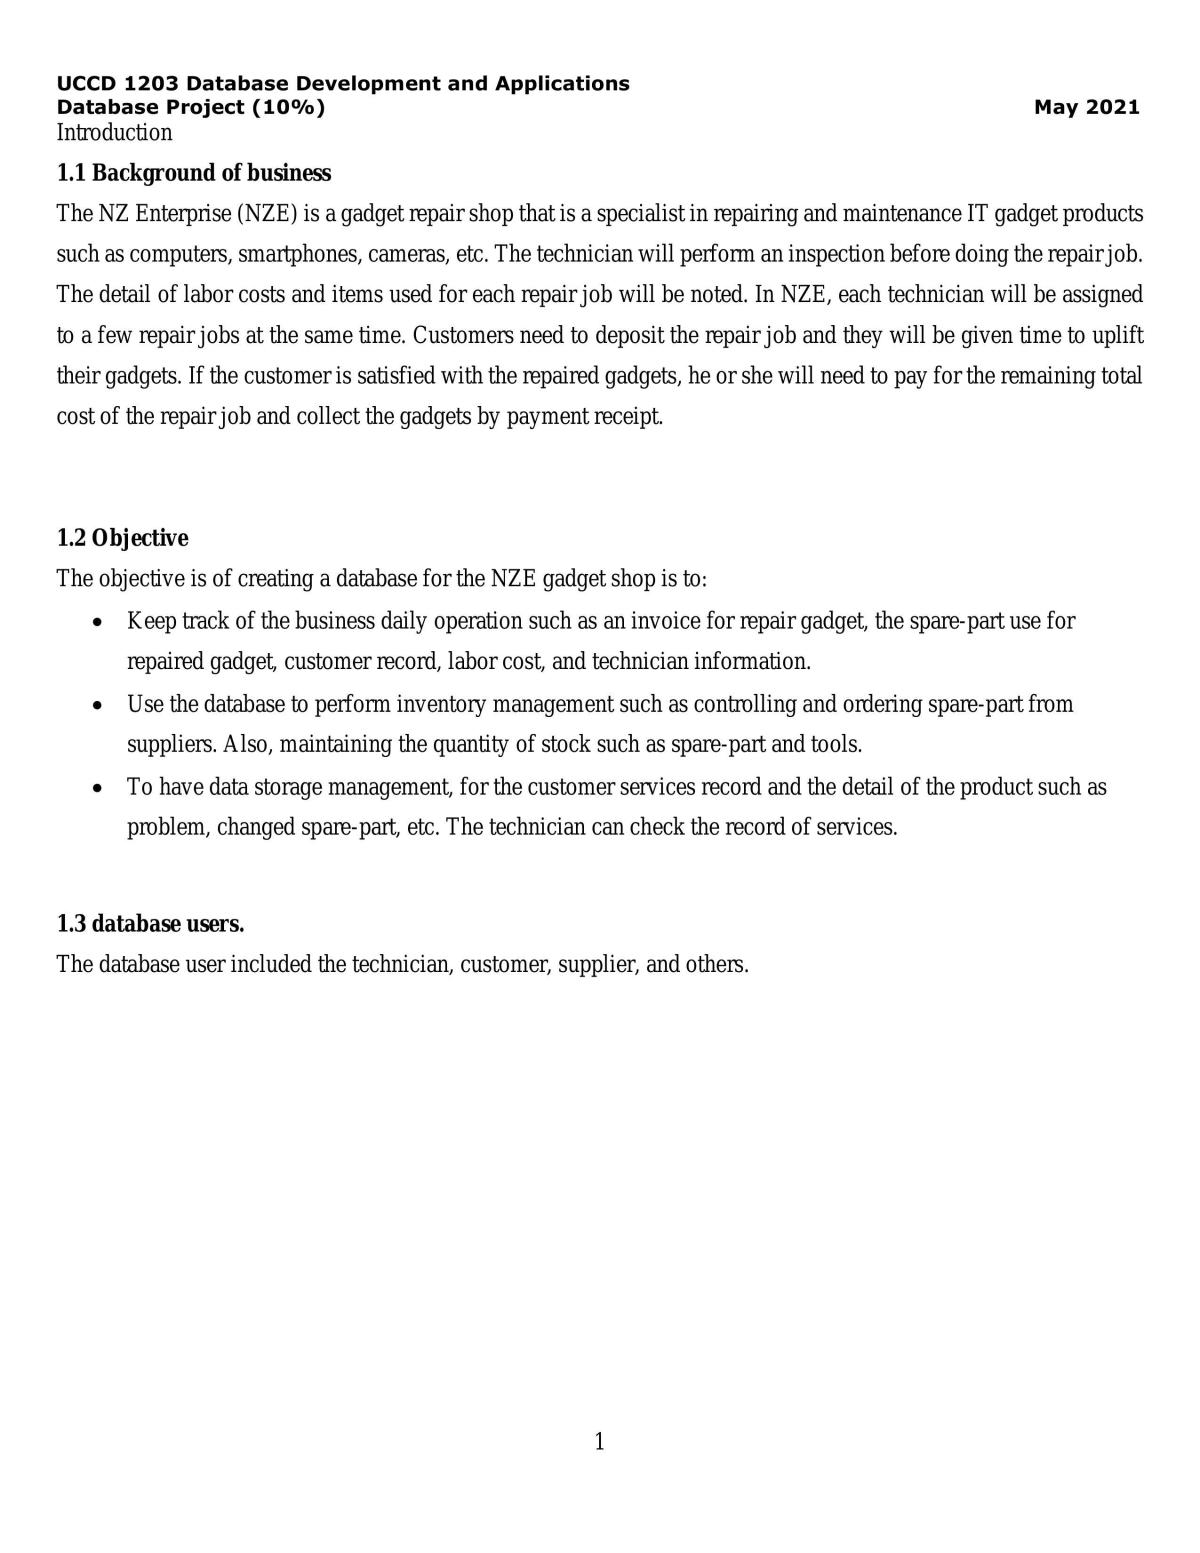 UCCD1203: Database Development and Applications Assignment - Page 2
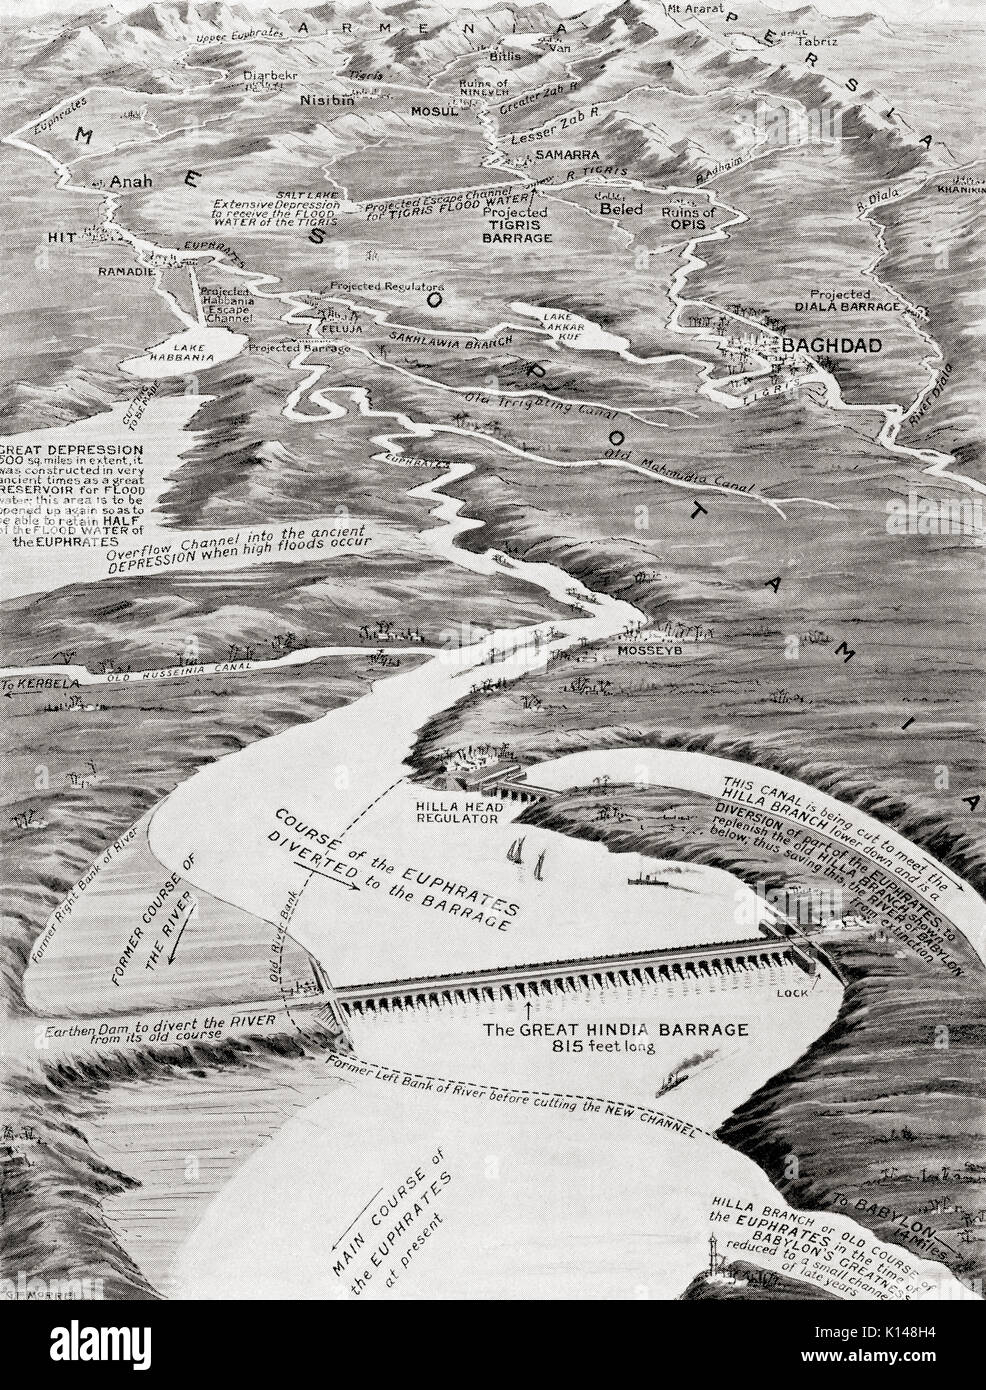 Bird's-eye view of Mesopotamia showing William Willcock's proposed scheme of irrigation.  In addition to the construction of the Hindia Barrage, it includes the suggestion of drawing the flood water of the Euphrates and the Tigris into two depressions which would act as natural reservoirs and prevent flooding.  From Hutchinson's History of the Nations, published 1915. Stock Photo
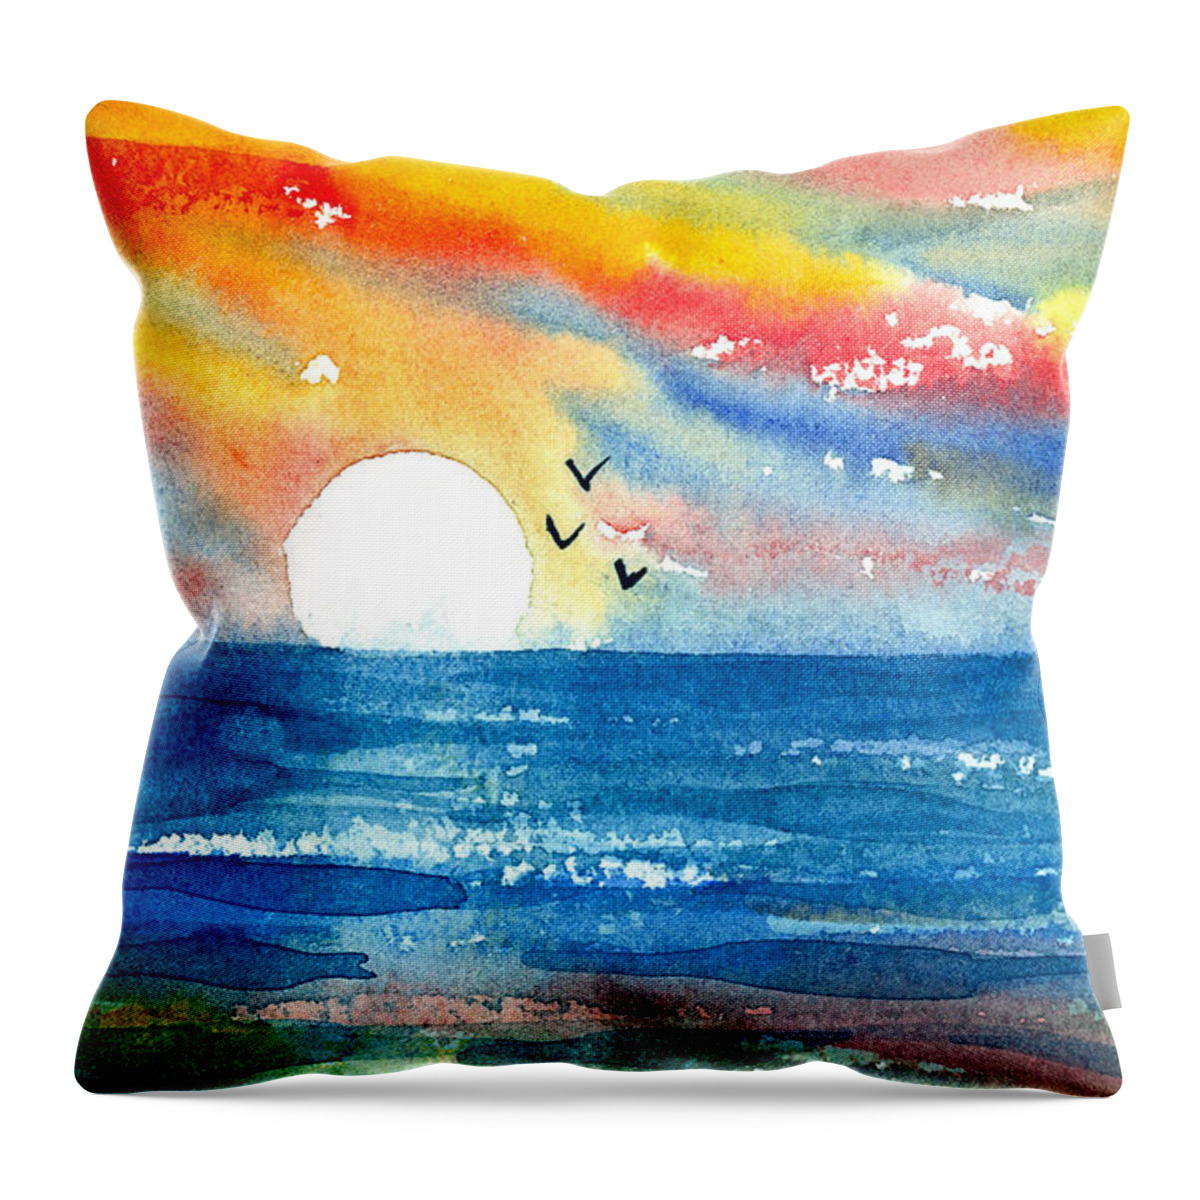 Sunset Throw Pillow featuring the mixed media Sunset Sea by Tonya Doughty
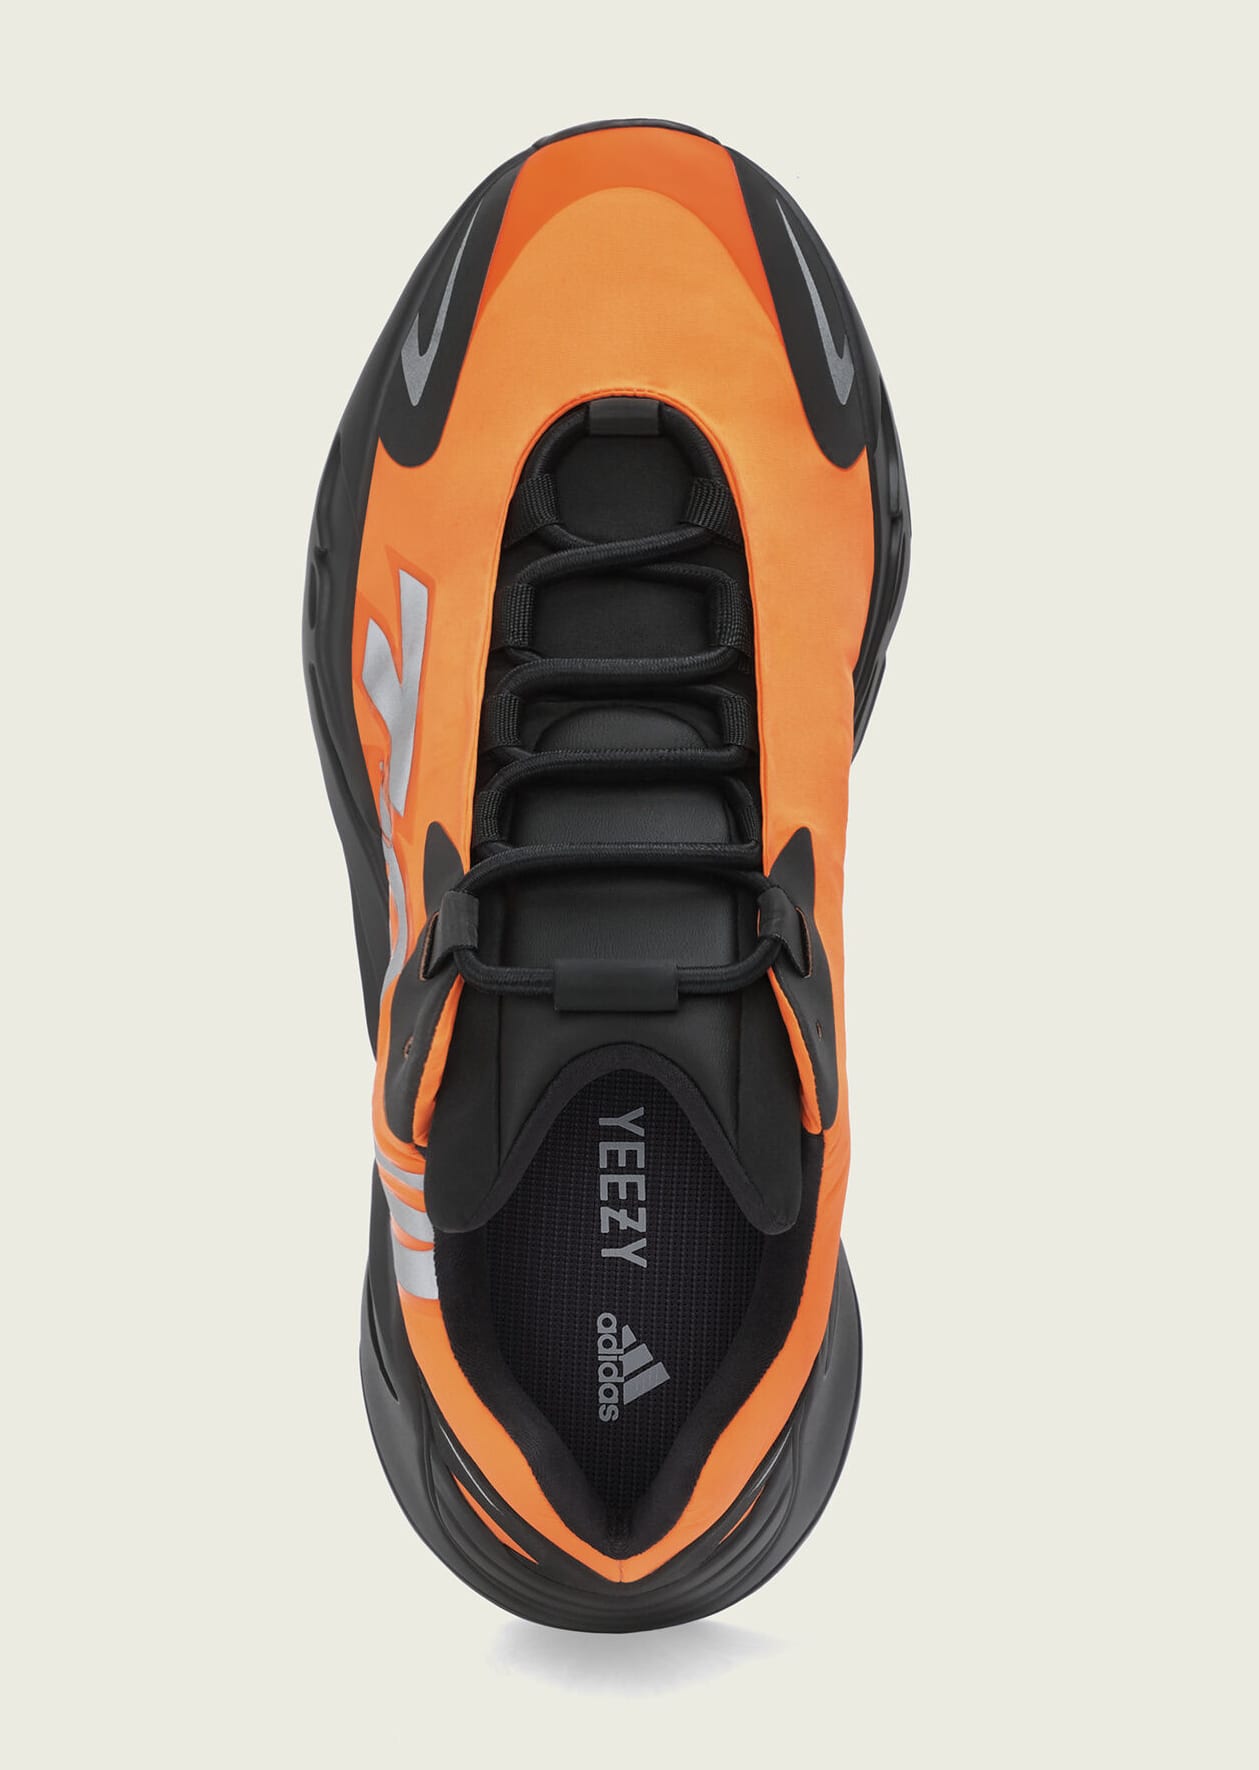 Adidas Yeezy Boost 700 MNVN &quot;Orange&quot; Officially Revealed: Photos

TASK TO CARRY OUT:
Your copy should hold exactly the lines from the one that contains "Bird's-eye view of" through the final line of the data, both ends included, and no pictures.

RESPONSE TO THE TASK:
 Bird's-eye view of Mesopotamia showing William Willcock's proposed scheme of irrigation.  In addition to the construction of the Hindia Barrage, it includes the suggestion of drawing the flood water of the Euphrates and the Tigris into two depressions which would act as natural reservoirs and prevent flooding.  From Hutchinson's History of the Nations, published 1915. Stock Photo
 Sunset Throw Pillow featuring the mixed media Sunset Sea by Tonya Doughty
 Adidas Yeezy Boost 700 MNVN &quot;Orange&quot; Officially Revealed: Photos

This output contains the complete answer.